Thursday, August 29, 2013

The Vampires Have Won

I have recently come to the terrible realization that I have lost. There's nothing I can do now. They have manipulated me to help them complete their nefarious purposes and it makes me weep in utter despair. What now? What now indeed...

Those of you aware of my battles against the great pregnancy conspiracy from our vampire overlords no doubt remember the shocking mailings I received of breeder propaganda and blood sacrifice. I thought I had done all I could to avoid being enslaved by these fiends but I now realize I may be too late. Apparently, I didn't know I was pregnant and already gave birth. I wondered how I got so fat and now I know the terrible truth. The most frightening question I have is, where is the baby? But then I wonder, when did I expel it? Is it watching me? Does it live in the crawlspace? Is it mad I keep intercepting its mail?

You may be asking yourself, how does she know this? Why would she even think of this? Well, dear fans, the evidence is clear and you can see for yourself after you gaze upon what I just received in the mail:
little kickers junk mail for my mystery vampire baby
We've hit crisis level, here folks. I have now received correspondence meant for a child of at least 18 months of age.
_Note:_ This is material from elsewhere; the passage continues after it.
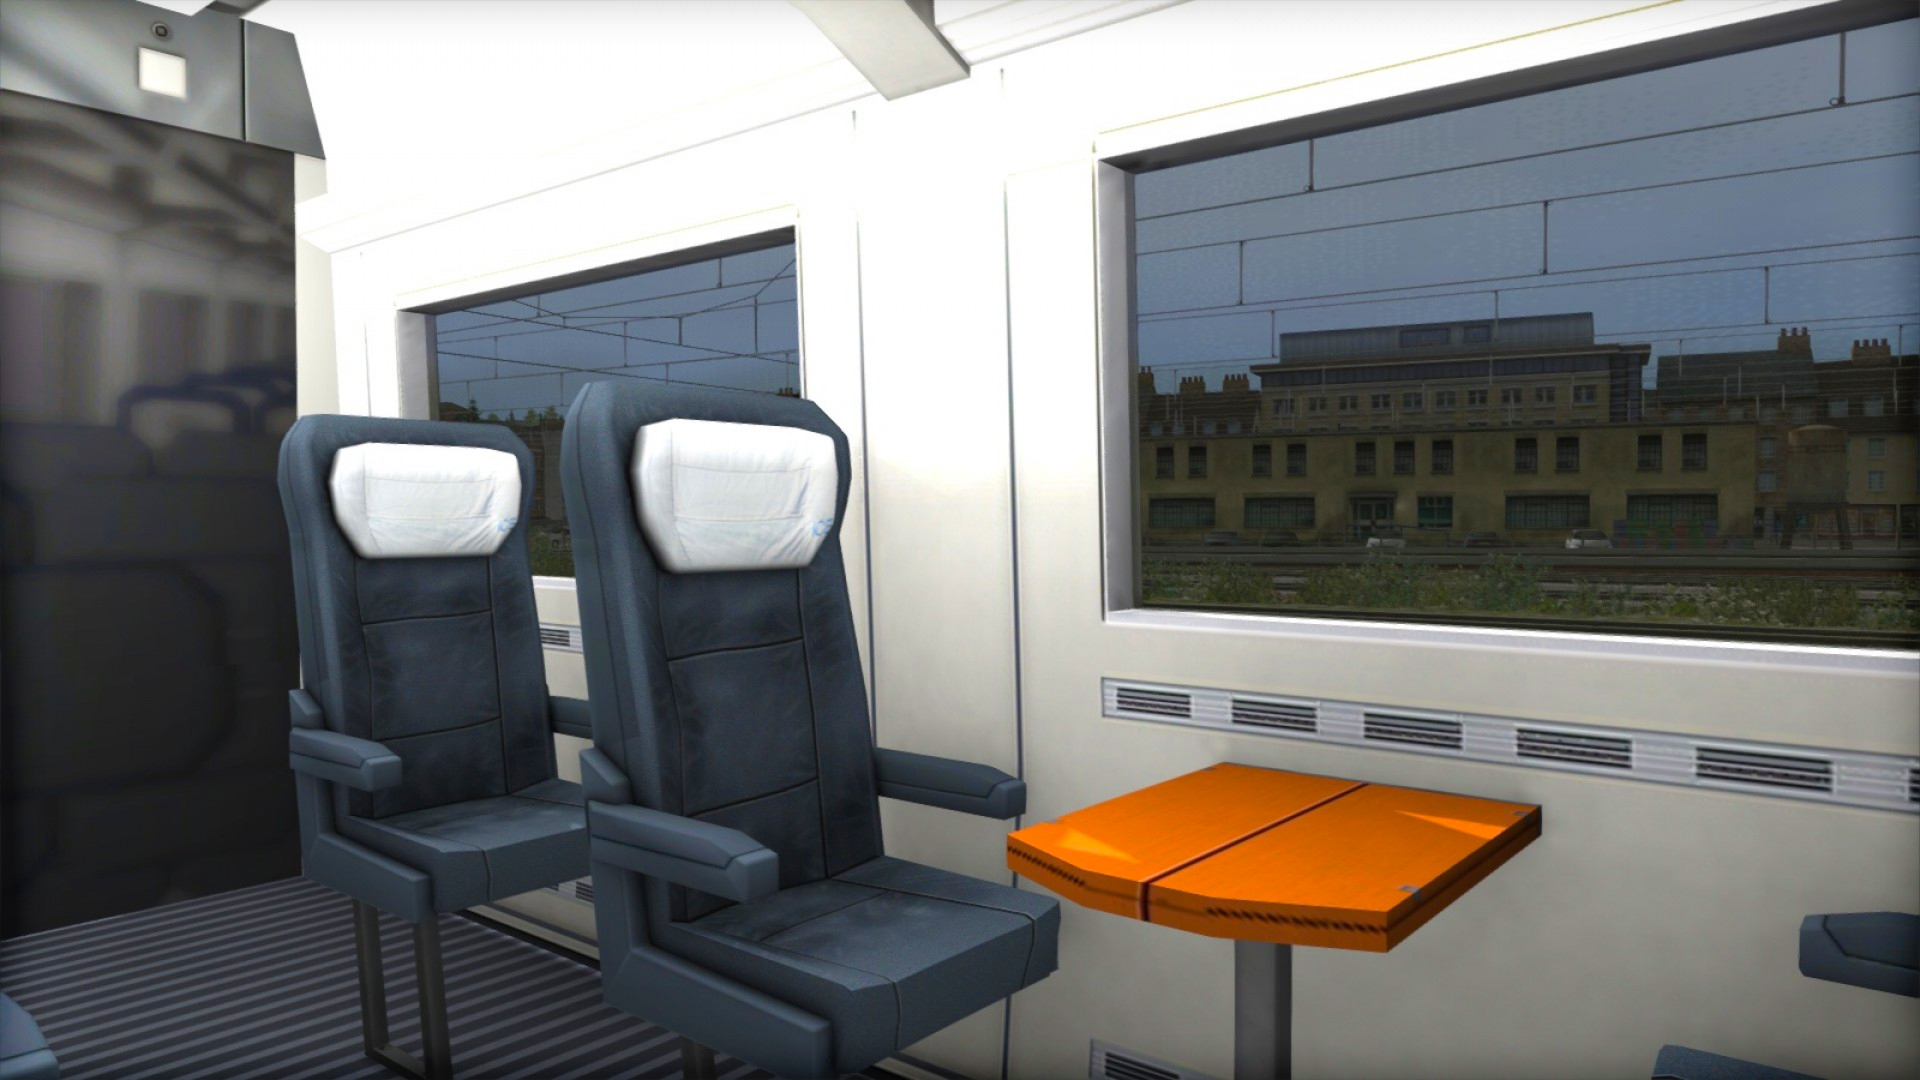 Train Simulator: DB ICE 1 EMU Add-On screenshot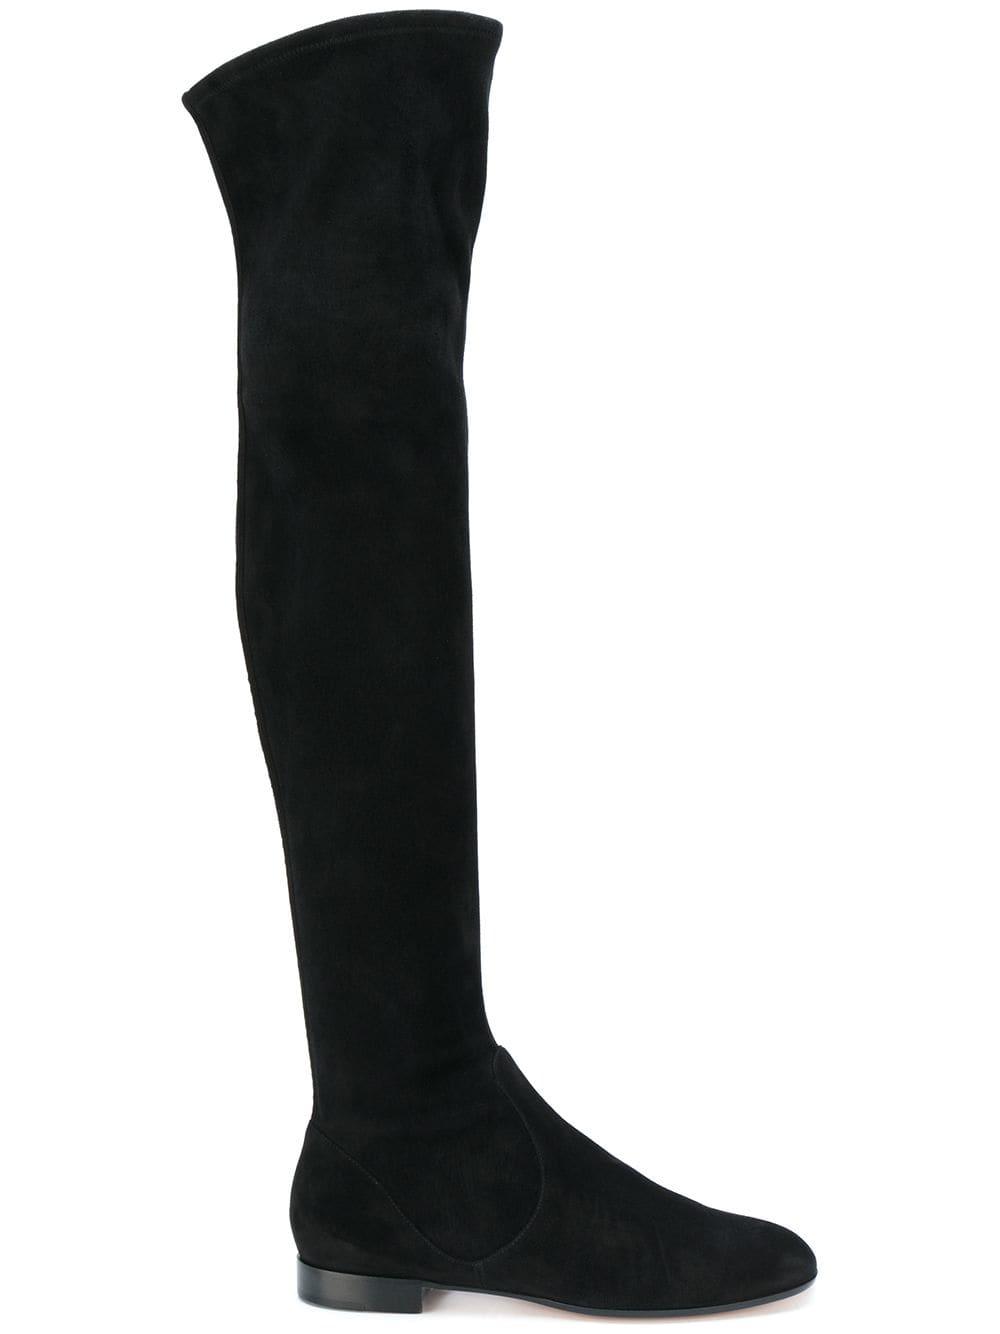 Gianvito Rossi Overknee-Stiefel mit runder Kappe - Schwarz

Not only did I give birth secretly against my will, but the child also has super-aged like all of the kids do on television. You have seen this frequently, I know. A television program has a character that gives birth and next season their spawn is already five and talking. Or, on a science fiction program, there is something wrong with the creature and it ages quickly on camera. Or, the kids in those pageants made up to look older actually DO look that age now. This can only mean that all children on television are portrayed by vampire babies except for the Olsen twins.

Keep your wits about you, my dears. Hypervigilance is required in times like these. Who knows how many of us have been impregnated against our will, only to birth an evil parasite that now lives in an attic or similar environs. No hell beast, I will not drive you to casting calls. I will not. Most certainly not for anything less than 60% plus expenses.


  1. It is right of you not to resist.

  2. That sounds like something you bloodsuckers would say. I'm on to you.